Hazem has lived in Frome for eight months. He lives here with his wife Zainab and their two and a half year old son. I am welcomed into their home with a warm hospitality that insists upon feeding me with dried fruit delicacies and a beverage of choice.
Hazem immediately apologises for his English, an unnecessary apology I realise over the course of our conversation. Hazem tells me his story in near perfect English, his fourth language after his mother tongue Arabic, Russian – he studied medicine in Russia) and Turkish the tongue of his adoptive country for four years.
Hazem travels to Trowbridge twice weekly where he studies English, he is very keen to improve his grasp of the language so that he can again return to his career as a Doctor. He is the second Doctor in the family, his father now in his 60’s decided to remain in their native city Aleppo where he continues his work on a voluntary basis. Hazem informs me that he has not seen his Father for over four years but that he communicates with him as often as possible, internet signal permitting. I ask if his Father is in a safe place? His answer is sobering. ‘Is anywhere safe?’ He tells me that his brother-in-law left Aleppo to live in Turkey where he tragically died from cancer. Hazem also tells me that he hopes to one day be half the man his father is, his father is a special man.
Hazem grew up in Aleppo, Syria. Four years ago he moved to Turkey where Zainab was studying for a Masters Degree in Archaeology. He taught himself Turkish at home until he was fluent enough to work as an interpreter in a Hospital in Ankara. Sadly a safe future was not a certainty for him and his young family there and they gratefully accepted the opportunity to come to live in the UK.
Now settled in Frome, Hazem speaks of the great welcome that they have received in this small English town, a town quieter and smaller than any they have lived in before.

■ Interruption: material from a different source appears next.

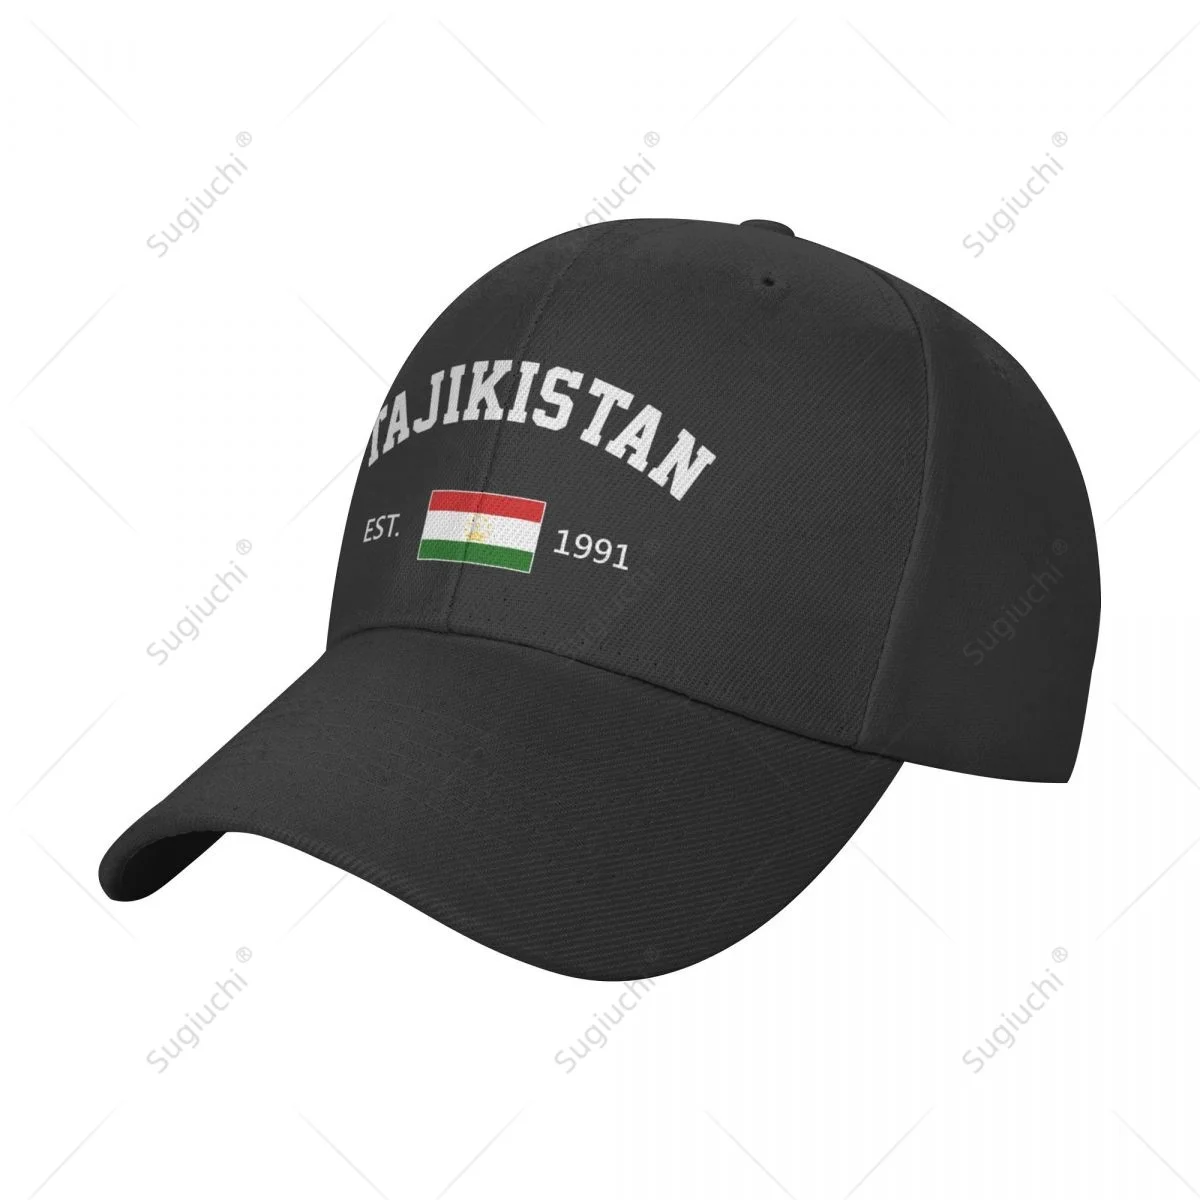 

Unisex Baseball Cap Tajikistan EST.1991 Independence Day Wild Sun Shade Peaked Adjustable Outdoor Caps for Men Women

He speaks of the people who have made such efforts to make them so at home here, friends who come visiting to help them with their English, others who have lived in Syria in the past and can share their stories together and speak in their old familiar language for a short happy while. Frome is obviously a long way from Syria, the differences too many to list, but the family are doing all that they can to settle into the pace of life here.
Hazem speaks of his ambition to get back to working in medicine, an ambition so great that he pushes himself to learn English to as high a standard as possible so that he can re sit his medical exams. Studying medicine is challenge enough for anyone but to even contemplate sitting exams in a whole other language shows a willingness to face any challenge head on. When I say this to Hazem he merely laughs and says that medicine is a universal language really and of course he will do everything he can to go back to being a doctor, it is his calling in life, and to give something back to this country that has been so good to them would be great.
When I ask him what his dream for the future is he says that of course, like all people separated from their homeland under such circumstances, he would some day love to return to there to help rebuild it. He talks about Syria and how it could possibly survive as a country, he asks pertinent questions, ‘Who will rebuild it?’, ‘Who is left there?’, ‘Who will teach those who remain how to rebuild?’ What a dream it would be for those displaced by war to return home with the knowledge that they have learned in such good countries as the UK and to use those skills to make Syria a peaceful country again.
We finish our conversation with talk of the Humans of Frome project and Hazem remarks how nice it is to look for and find the good in people. He says that if you can find the good in people you will have a happier life. Of course this is not always possible but every little bit of good you can find goes a long way to making a better world, a sentiment that I’m sure we all wholeheartedly agree with.